• _Exercise data_:
....

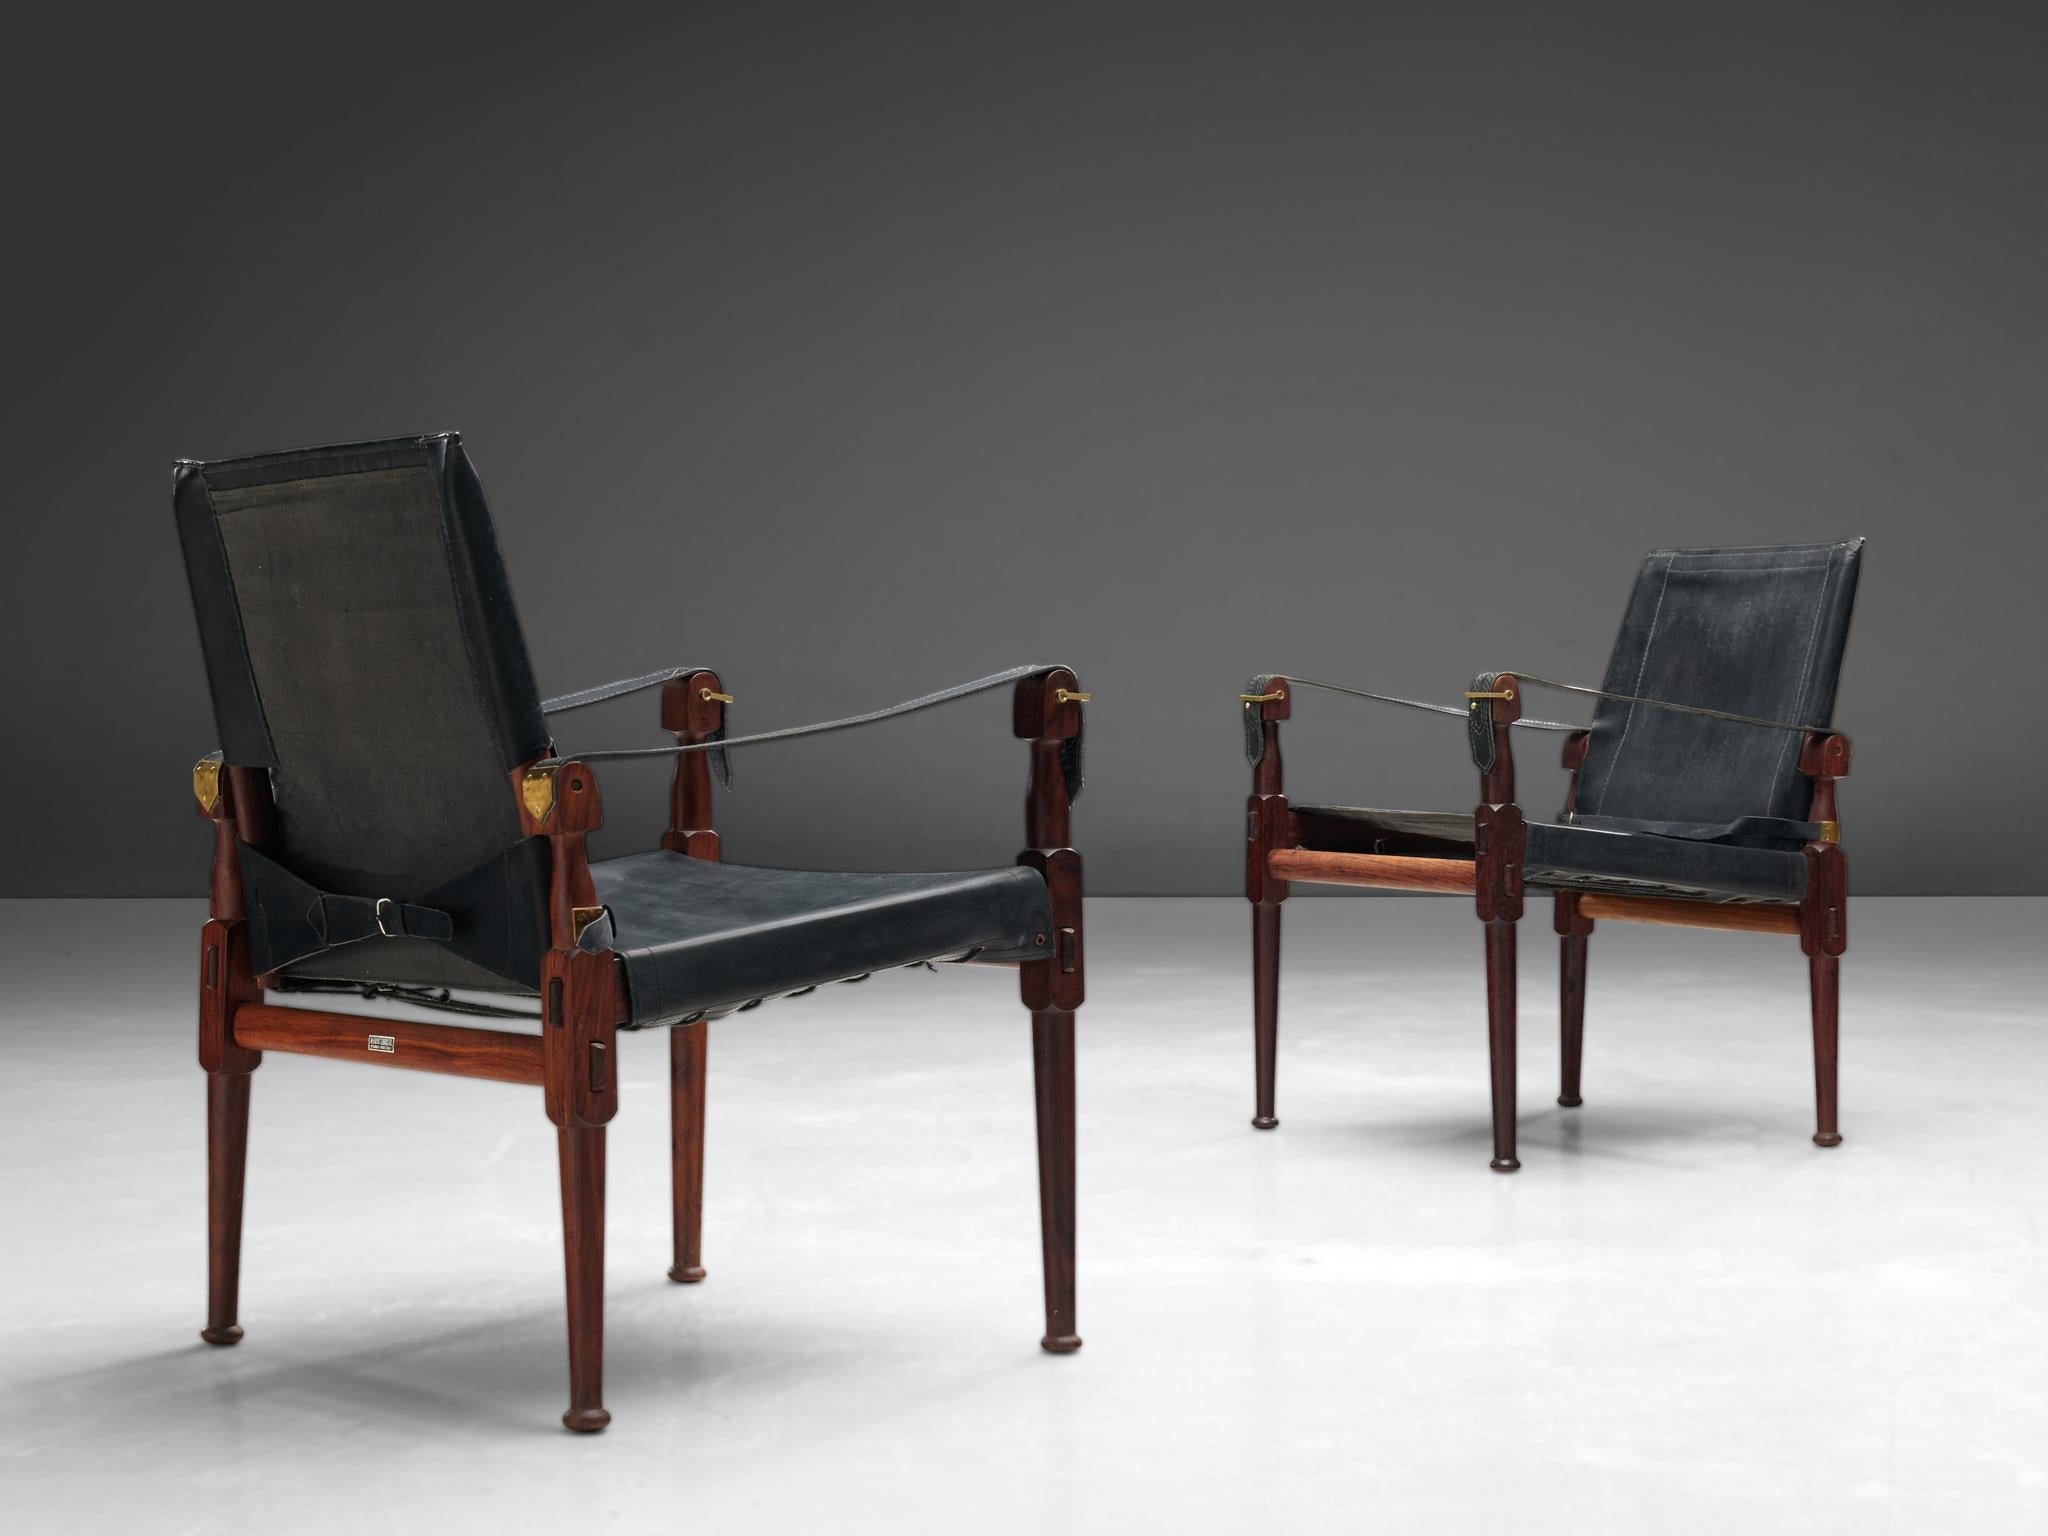 Wunderschöne 'Safari'-Sessel, Holz, schwarzes Leder und Messing, Pakistan, 1970er Jahre.

Dieser Sessel 'Safari' zeigt sehr elegante und gut durchdachte Linien in Kombination mit sorgfältig gearbeiteten Holzverbindungen. Das schwarze Leder mit
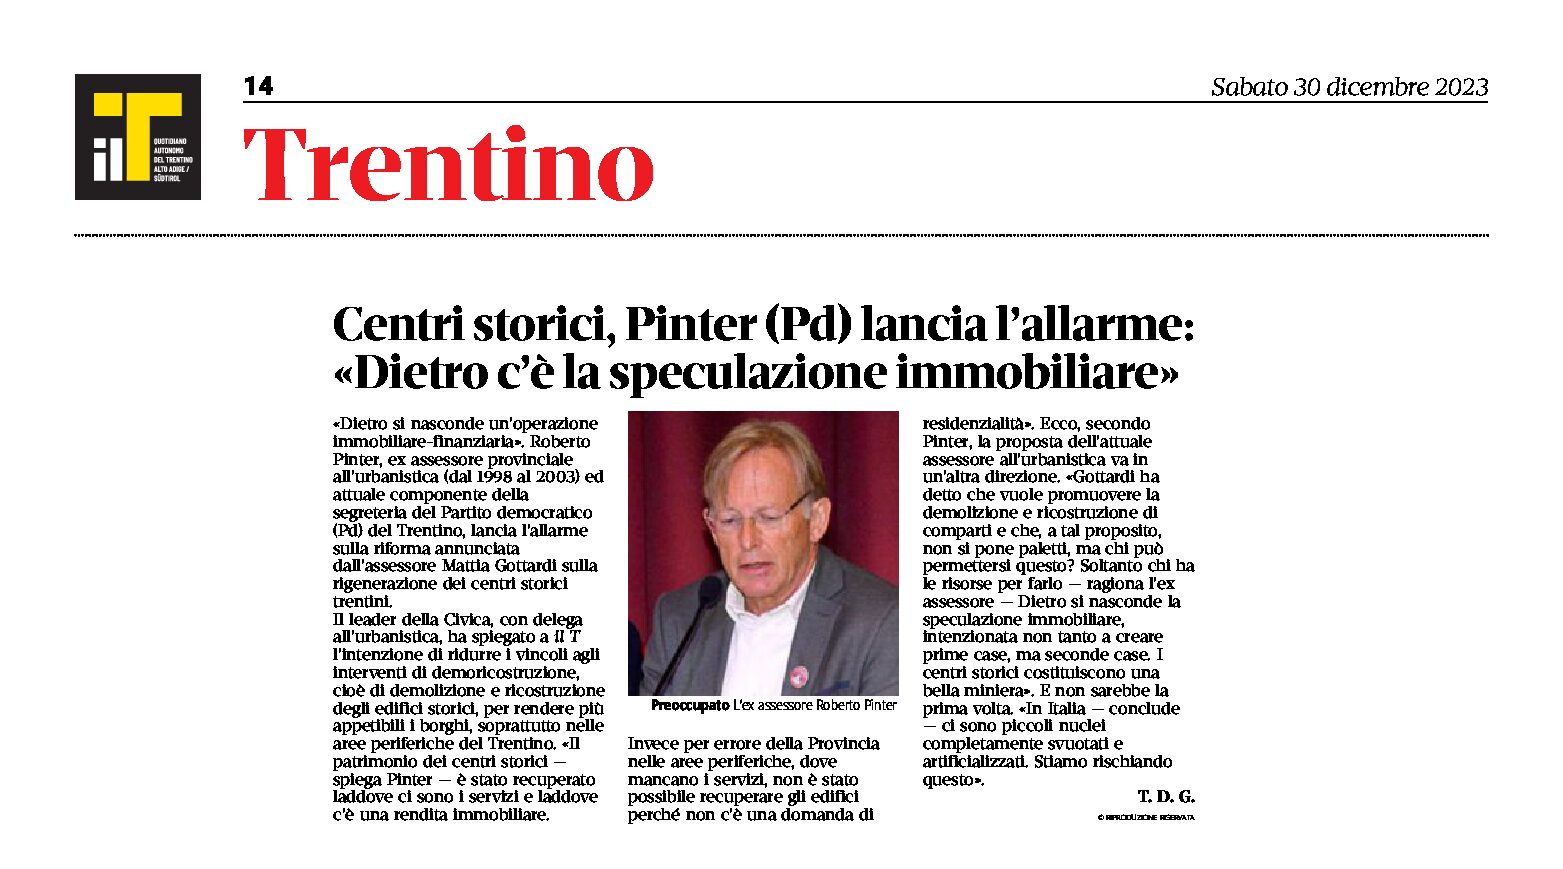 Trentino, centri storici: Pinter lancia l’allarme “dietro c’è la speculazione immobiliare”
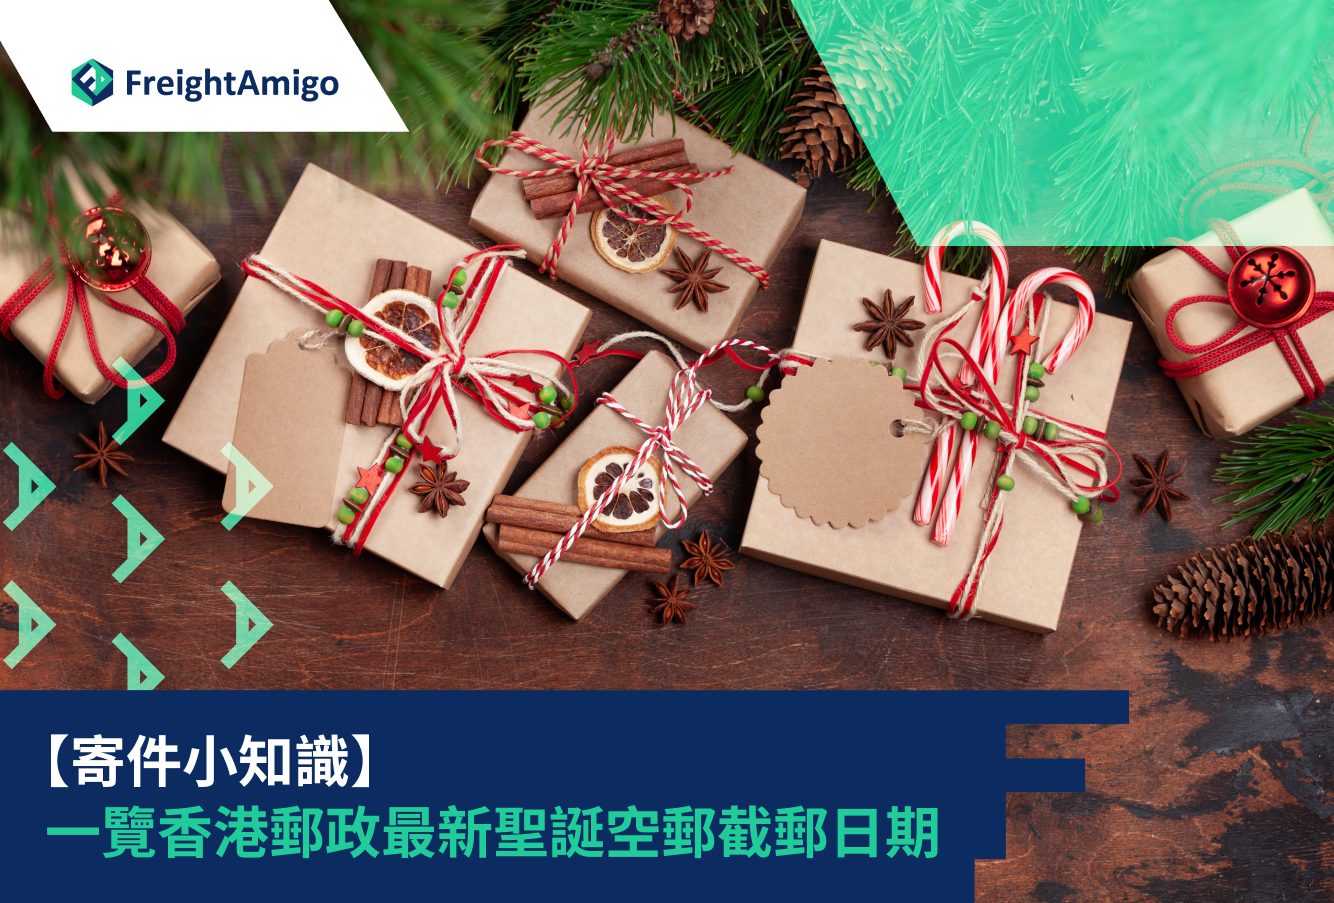 【寄件小知識】一覽香港郵政最新聖誕空郵截郵日期

....

• _How to complete this task_:
Pictures are not part of the copy. Restate everything else in the listing word for word.

• _The answer_:
 Wunderschöne 'Safari'-Sessel, Holz, schwarzes Leder und Messing, Pakistan, 1970er Jahre.

Dieser Sessel 'Safari' zeigt sehr elegante und gut durchdachte Linien in Kombination mit sorgfältig gearbeiteten Holzverbindungen. Das schwarze Leder mit
 Trentino, centri storici: Pinter lancia l’allarme “dietro c’è la speculazione immobiliare”
 【寄件小知識】一覽香港郵政最新聖誕空郵截郵日期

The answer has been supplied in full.